How I Use ChatGPT in My Daily PM Workflow

Most "how I use AI" posts are useless. "I use it to brainstorm" and "it helps me think through problems" - okay, but what does that actually look like? What prompts? What failure modes have you hit? What do you not use it for?

Here's what I actually do, with enough specificity to be useful.

Understanding the tool before using it

Before getting into workflows, it's worth being honest about what ChatGPT is and isn't. It's a large language model - a stochastic text predictor trained on a massive corpus of text. The "temperature" setting controls output variance: lower temperature means more predictable, higher means more creative but also more likely to drift. The context window is the amount of text the model can "see" at once - GPT-4 has a large context window, which matters when you're pasting in long documents.

It doesn't have memory between sessions unless you use the memory feature or build it into your system prompt. It hallucinates - confidently produces false information - especially on specific facts, recent events, and anything that requires precise recall. It's good at synthesis, pattern recognition, and generating plausible-sounding text. It's bad at novel reasoning, precise arithmetic, and anything that requires ground truth it wasn't trained on.

Knowing this changes how you use it. You don't ask it to verify facts. You don't trust its specific numbers. You use it for tasks where "plausible and well-structured" is the goal, and you verify the parts that need to be accurate.

The prompts I actually use

For processing messy notes from discovery sessions, I paste the raw notes and use a system prompt I've refined over time: "You are helping a technical product manager synthesize discovery notes. Identify the core user problems, separate stated problems from inferred ones, flag any contradictions, and note what's missing. Be skeptical - don't assume the user's stated solution is the right one." The "be skeptical" instruction matters. Without it, the model tends to validate whatever framing is in the notes.

For spec review, I paste the draft and ask: "What would an experienced backend engineer find ambiguous or underspecified in this? Focus on edge cases, error states, and anything that requires a decision the spec doesn't make." This is genuinely useful. It catches things like "what happens if the user closes the app mid-payment?" or "what's the timeout behavior on this API call?" - questions I should have answered but didn't.

For understanding technical concepts quickly, I use a specific framing: "Explain [concept] to someone who has written production code but hasn't worked with this specific technology. Focus on the tradeoffs and failure modes, not the happy path." This gets me past the tutorial-level explanation to the stuff that actually matters for product decisions. When I needed to understand how our message queue handles backpressure before writing a spec for a high-volume notification feature, this framing got me to a useful mental model in about fifteen minutes.

Where it fails and why

The context window limitation bites you in specific ways. If you paste a long document and ask questions about it, the model's attention degrades toward the end of the document. Important details in the last third of a long spec get less weight than details at the beginning. I've learned to put the most important constraints at the top of whatever I'm pasting.

RAG - Retrieval Augmented Generation - exists because of this problem. Instead of stuffing everything into the context window, you retrieve only the relevant chunks. I don't build RAG pipelines for my daily work, but understanding why RAG exists helps me understand why ChatGPT gives worse answers when I paste in too much context.

The other failure mode is what I call "confident synthesis of wrong premises." If my notes contain a wrong assumption, the model will synthesize it into a coherent-sounding output that's built on that wrong assumption. It doesn't push back. It doesn't say "wait, that doesn't make sense." It just produces well-structured text that inherits the error. This is why I always read the output critically, not as a finished product.

⚠️

If your notes contain a wrong assumption, the LLM will synthesize it into a confident, well-structured document built on that wrong assumption. It won't push back. Read the output critically every time.

What I don't use it for

I don't use it to make prioritization decisions. "Should we build feature X or feature Y?" is not a question it can answer. It doesn't know our user behavior data, our engineering capacity, our competitive situation, or the hundred small things that inform that call. It will give me a balanced answer that considers both sides, which is exactly useless.
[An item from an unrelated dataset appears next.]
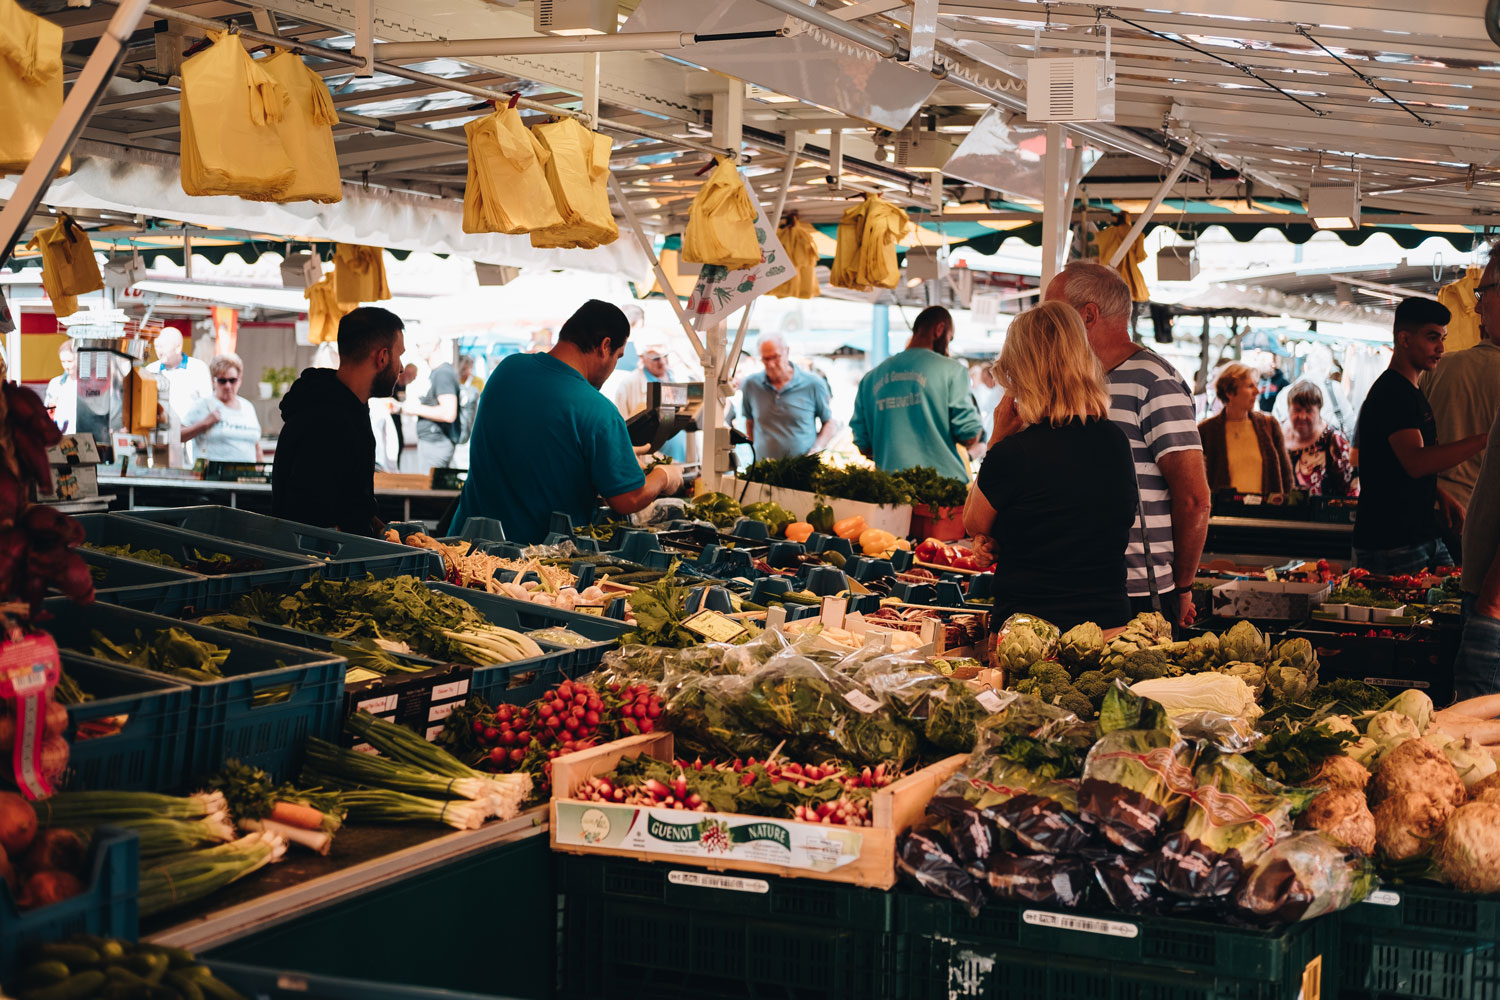 {:gb}A fruit and vegetable stand in a busy market. An employee weighs a bag.{:}{:de}Ein Obst- und Gemüsestand auf einem belebten Markt. Ein Mitarbeiter wiegt eine Tüte ab.{:}

I don't use it to generate product ideas. The ideas it generates are statistically average - they're what a PM blog post would suggest, not what our specific users actually need. User research generates better ideas than any LLM, because user research is grounded in specific people with specific problems.

I don't use it to write specs from scratch. The spec needs to reflect my understanding of the problem. If I haven't done the thinking, the spec will be wrong regardless of how well-formatted it is. AI-generated specs look like specs. They have the right sections and the right language. They're also wrong in ways that aren't obvious until an engineer spends a week building the wrong thing.

The honest accounting

ChatGPT saves me maybe 45 minutes a day on synthesis and editing tasks. That's real. It doesn't make me a better product thinker - that comes from talking to users through support tickets, working with my engineering team, and making decisions and seeing what happens.

The risk is using it as a substitute for thinking rather than a tool for thinking. Reasonable-looking output built on shallow thinking is worse than rough output built on real understanding, because it's harder to spot the problem. Use it for the work that benefits from speed. Do the thinking yourself.